Factorise `(a+b)^(3)-a-b`.

To factorize the expression \((a+b)^{3} - a - b\), we can follow these steps: ### Step 1: Rewrite the Expression Start with the given expression: \[ (a+b)^{3} - a - b \] ### Step 2: Group Terms We can group the last two terms: \[ (a+b)^{3} - (a + b) \] ### Step 3: Factor Out Common Terms Notice that both terms contain \((a+b)\).

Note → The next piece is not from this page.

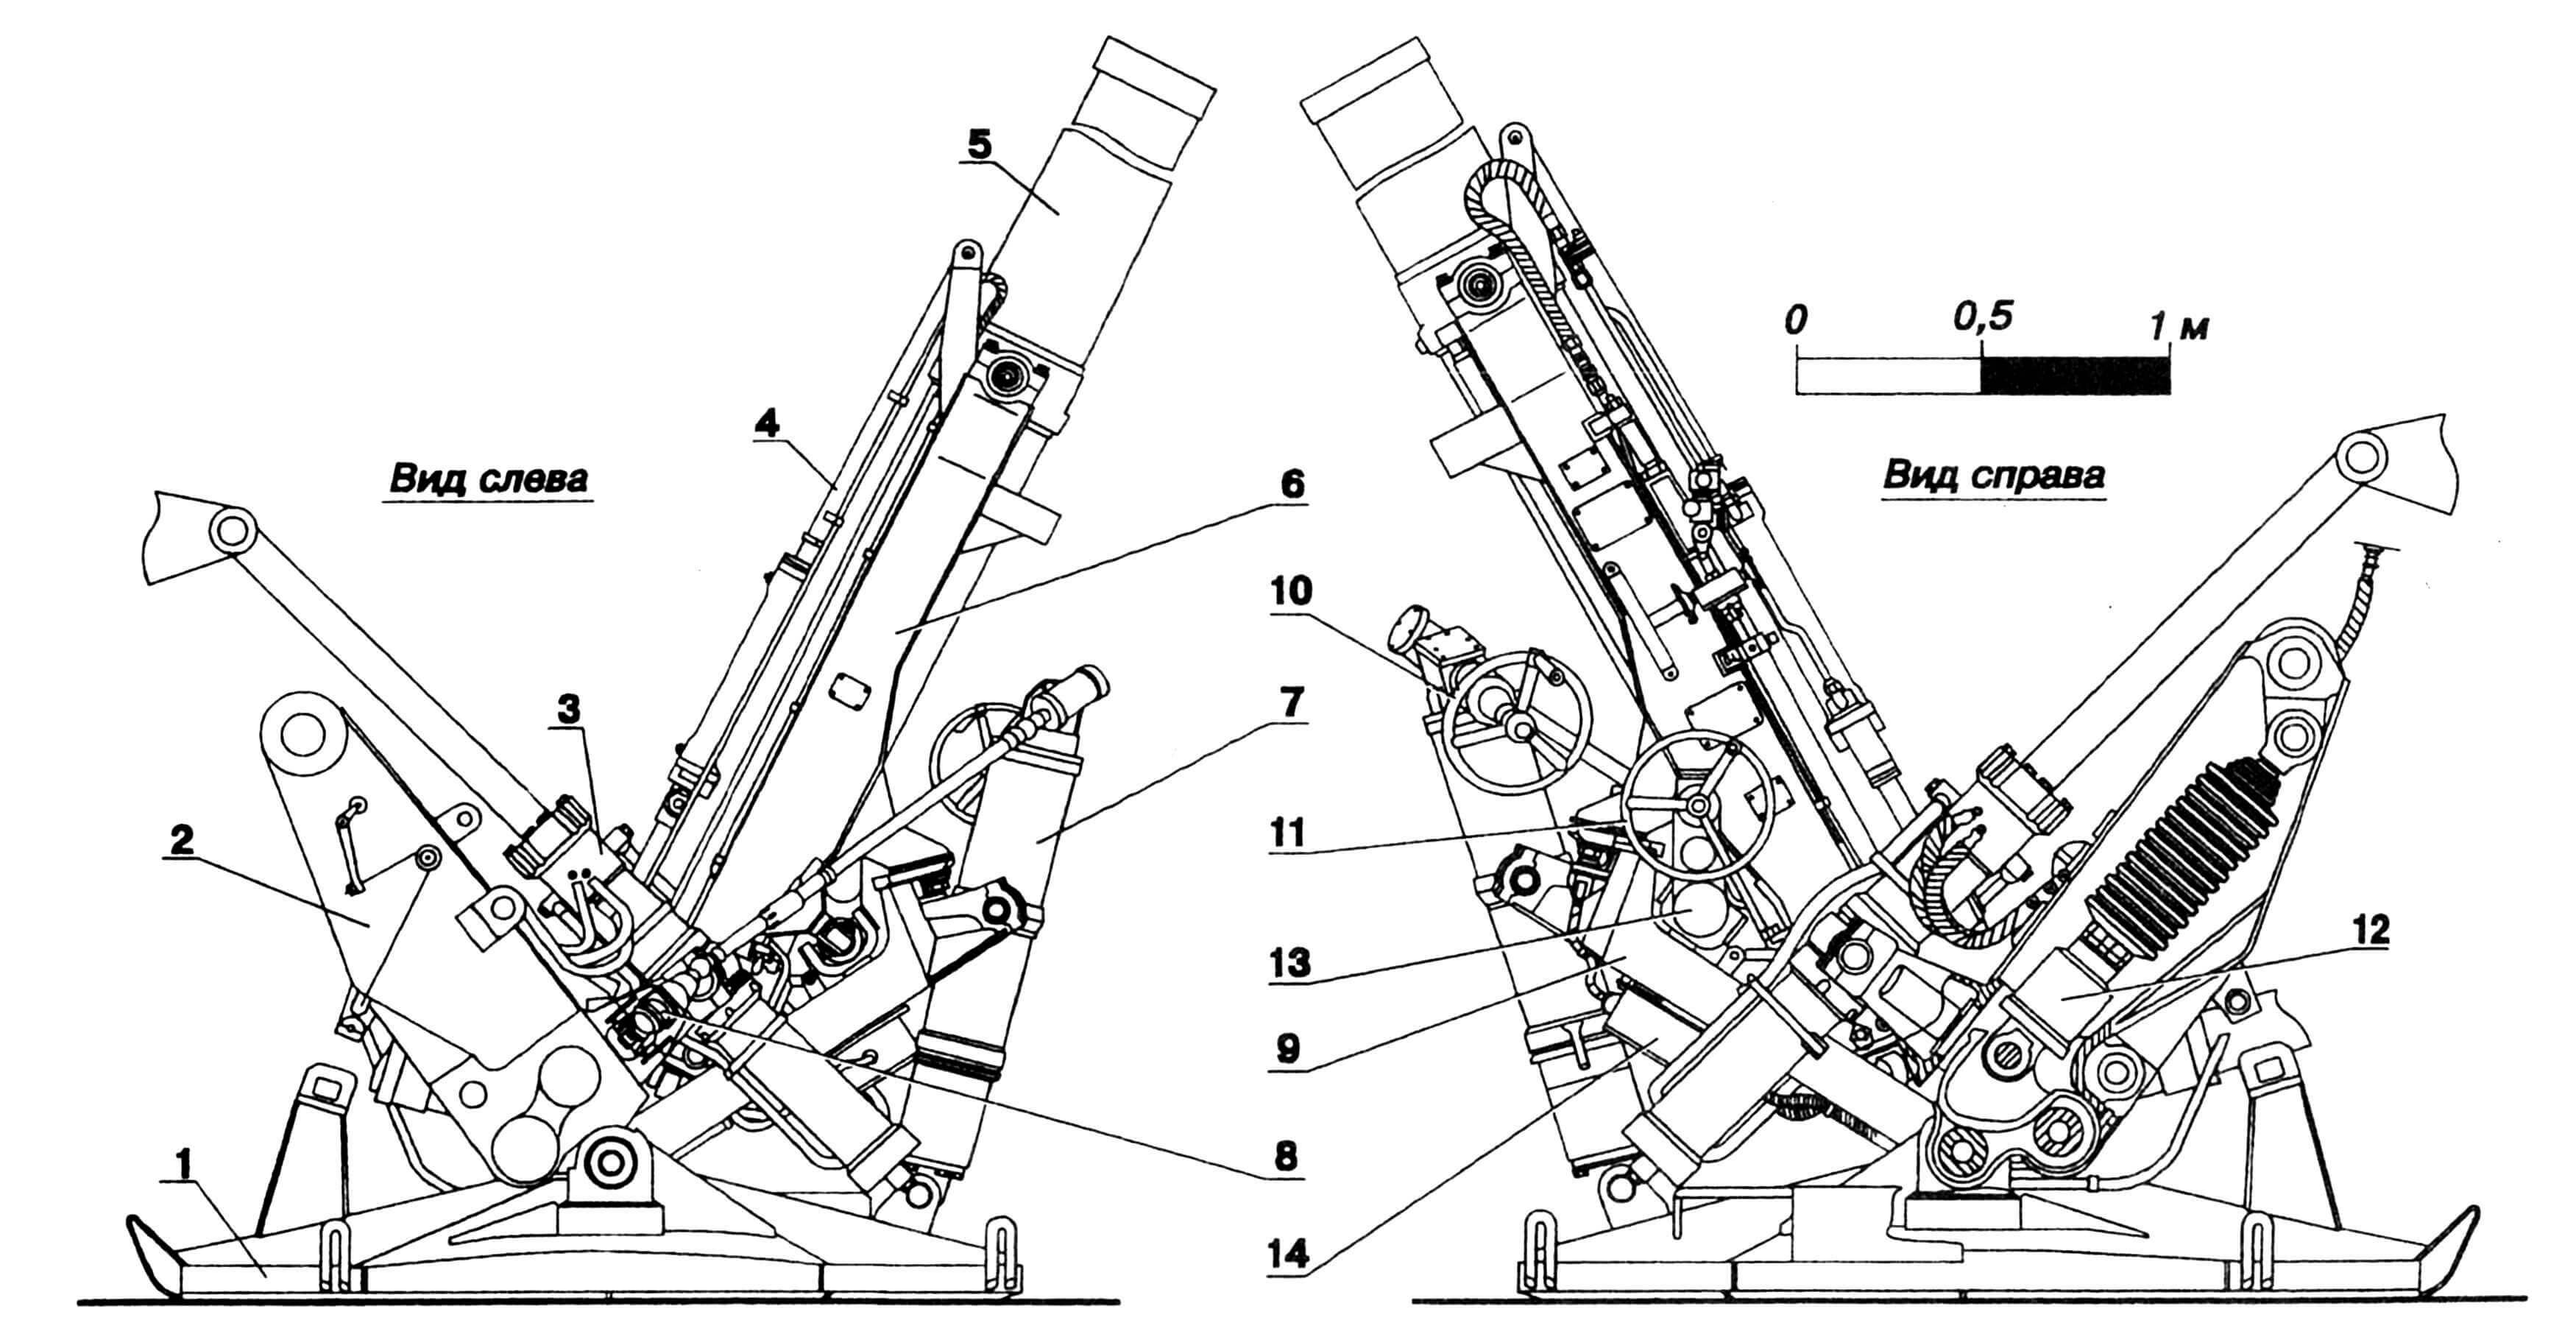 Общий вид боевой части (2Б8): 1 — плита опорная, 2 — рама плиты, 3 — цилиндр подъема миномета на машину, 4 — гидросистема, 5 — ствол, 6 — рама ствола, 7 — механизм подъемно-уравновешивающий, 8 — гидромотор, 9 — станок, 10 — штурвал вертикального наведения, 11 — штурвал горизонтального наведения, 12 — гидробуфер, 13 — механизм поворота, 14 — электрокоробка.

We can factor \((a+b)\) out: \[ = (a+b)^{3} - 1(a+b) \] This can be rewritten as: \[ = (a+b)\left((a+b)^{2} - 1\right) \] ### Step 4: Recognize the Difference of Squares The expression \((a+b)^{2} - 1\) is a difference of squares, which can be factored using the identity \(x^{2} - y^{2} = (x+y)(x-y)\): \[ = (a+b)\left((a+b) + 1\right)\left((a+b) - 1\right) \] ### Step 5: Final Factorization Thus, the fully factored form of the expression is: \[ = (a+b)(a+b+1)(a+b-1) \] ### Final Answer The factorization of \((a+b)^{3} - a - b\) is: \[ (a+b)(a+b+1)(a+b-1) \] ---